Relative velocities, and positions

[d=vt+1/2at^2]

Homework Statement

-Ship A is located 4 km north and 2.5 km east of ship B
-ship A has a velocity of 22km/h south
-ship B has a velocity of 40km/h in a direction 37 degrees north of east

a) Find the velocity of A relative to B in unit vector notation, with i towards the east
b) Write an expression in terms of i and j for the position of A relative to B as a function of t, where t = 0 when the ships are in the positions described above
c)at what time is the separation between the ships least?
d) What is that least separation?

Homework Equations

The Attempt at a Solution

I believe the answer to part a, is V(A) = -22j

I have absolutely no idea how to do b, c, or d

Please do not solve the question for me, but if someone could point me in the right direction, it would be GREATLy appreciated!

 

[latrocinia]

a) you have to divide to vectors in different components, so for example the vector that describes the motion of A = (0i, -22j). You should do the same for B.
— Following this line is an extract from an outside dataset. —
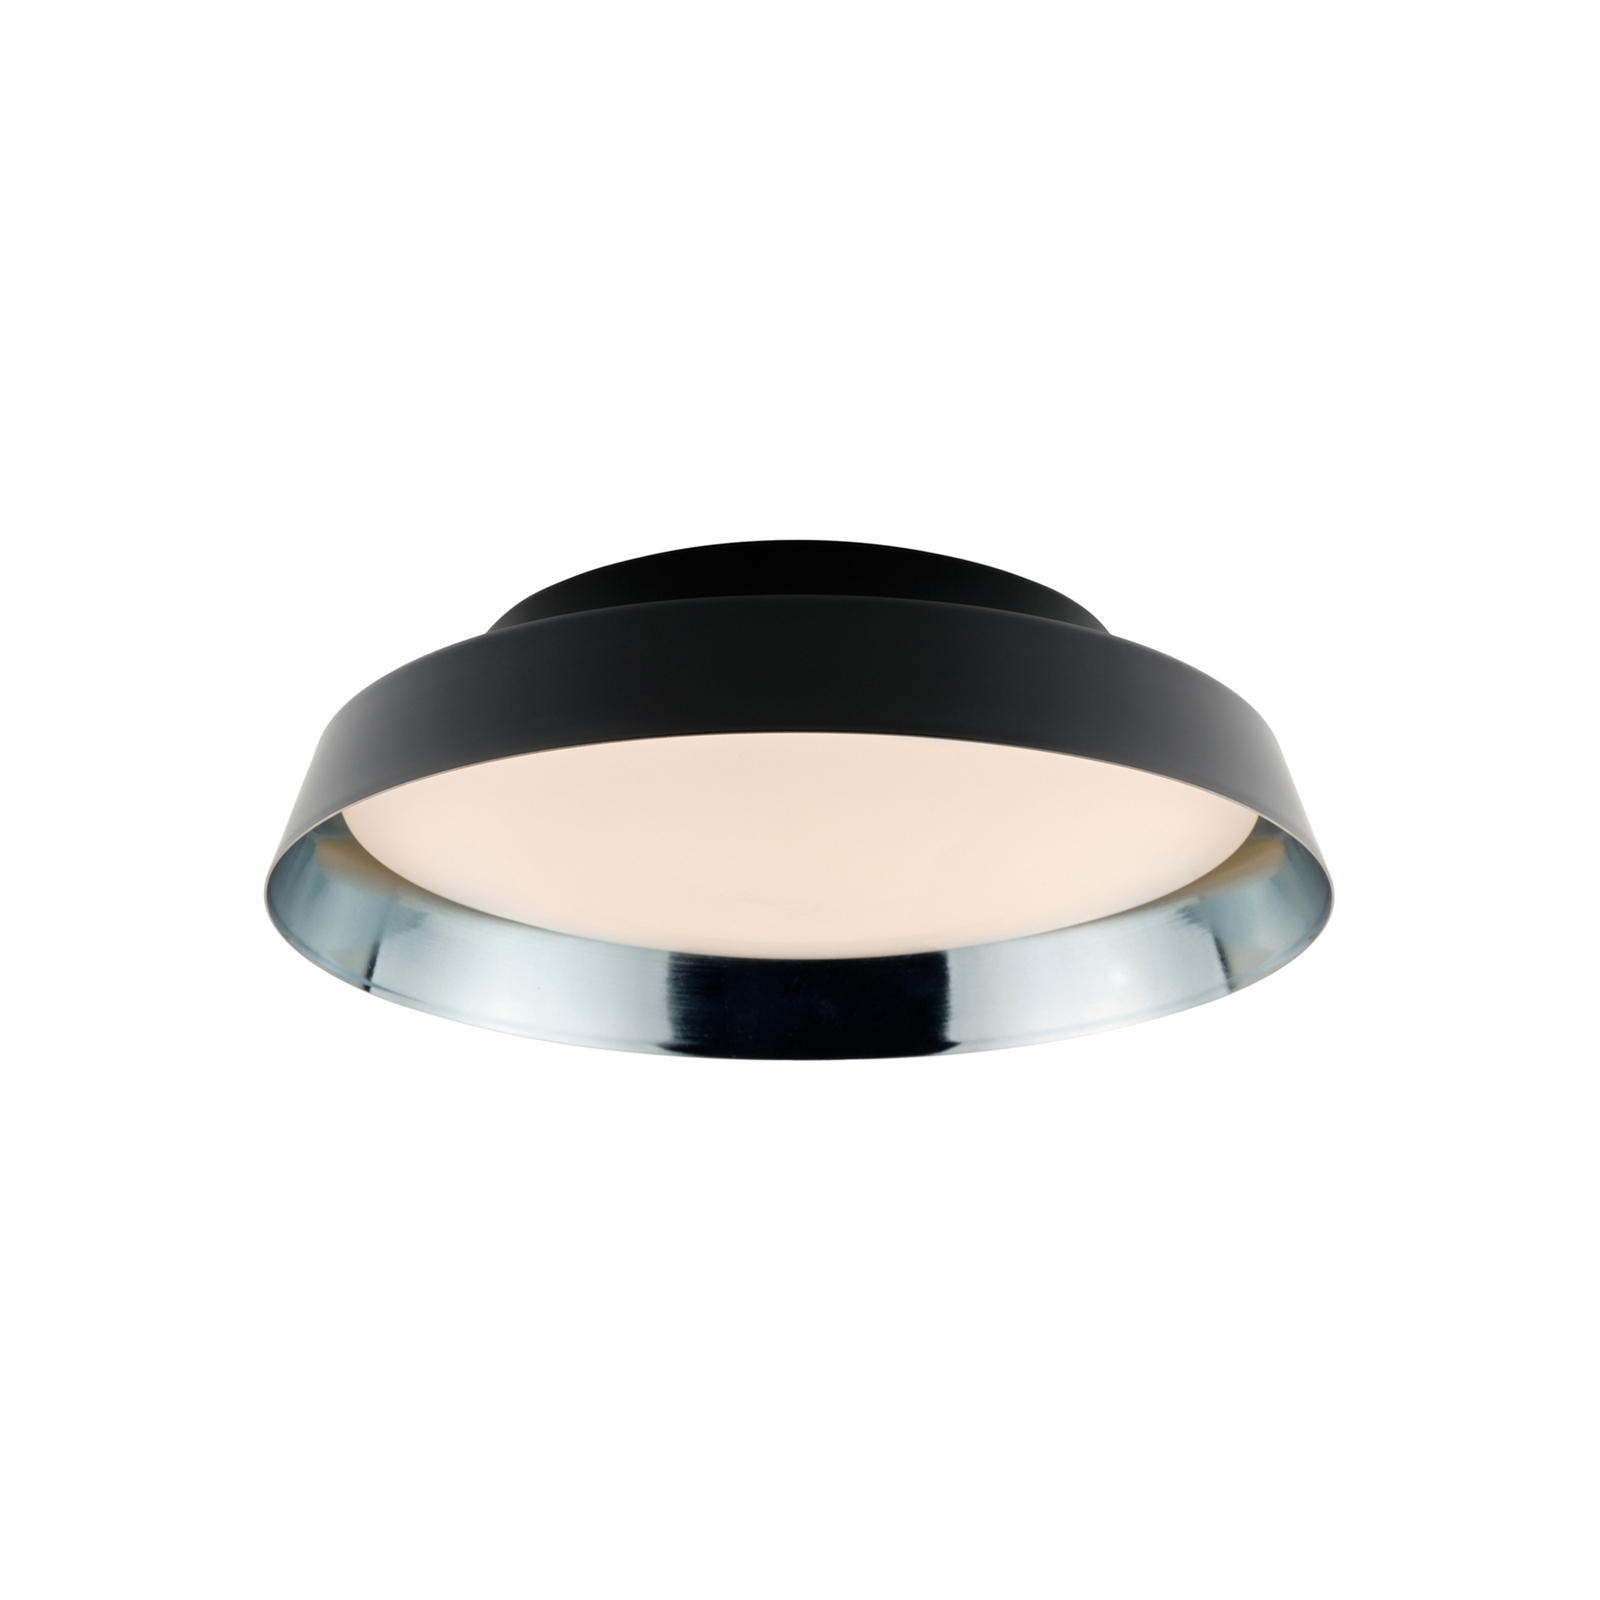 Utendørs LED-taklampe Boop! Ø37cm svart/blågrå

b) if you have the relative velocity we can assume that one of the ships doesn't move (which is the definition of 'relative motion'). so you begin with the initial distance between the ships and you this is becoming less by the second with the relative velocity.

 

[d=vt+1/2at^2]

Ok, I got a and b, and now I am stuck on C. How do I find the time when the separation of the ships is the least?

 

[latrocinia]

i don't know which formula you have fabricated at b. but if b is correct you can do two things to solve c.

1) you can plot it with on the y-axis the distance between the ships (delta x) and on the x-axis the time. this way you can see at what time the minimum occurs.
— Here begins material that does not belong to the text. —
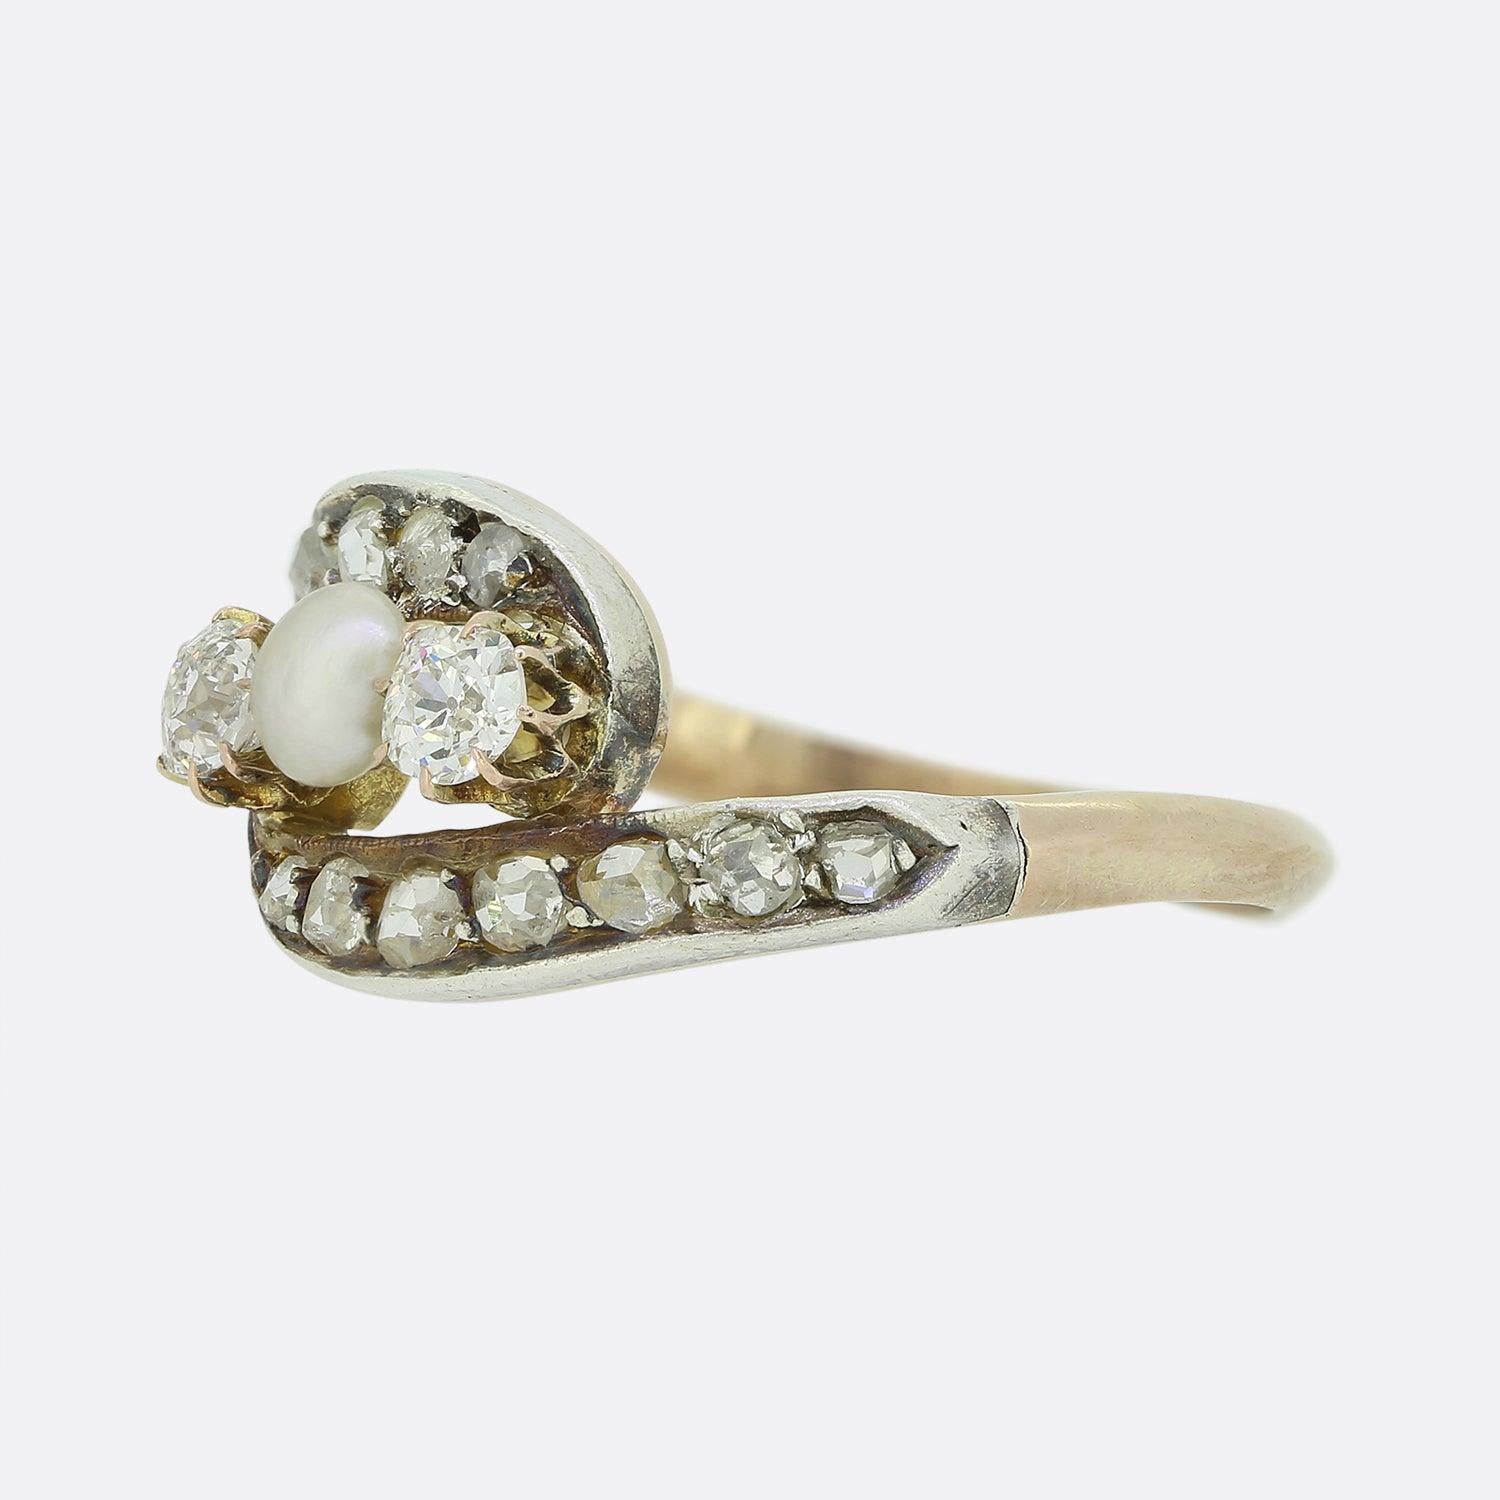 Hier haben wir einen bezaubernden Crossover-Ring mit Perlen und Diamanten aus der viktorianischen Ära. Die gewirbelte Vorderseite des Rings zeigt zwei altgeschliffene Diamanten und eine natürliche Perle in der Mitte, mit einem Hintergrund aus in

2) you can differentiate the function you found at b ( dx/dt). for the minimum let this equal to 0. since then you have a maximum or minimum found in your function. but i don't know if you are advanced enough to know this technique.

 

[d=vt+1/2at^2]

My formula for B is correct, i tested it out on graph paper.

I got: -40cos37it - 46.1jt + 2.5i + 4j

To summarize, after one hour (since the velocities are in km/h), relative to ship B, ship A is (-40cos37+2.5) units West of ship B, and (-46.1+4) units south of ship B.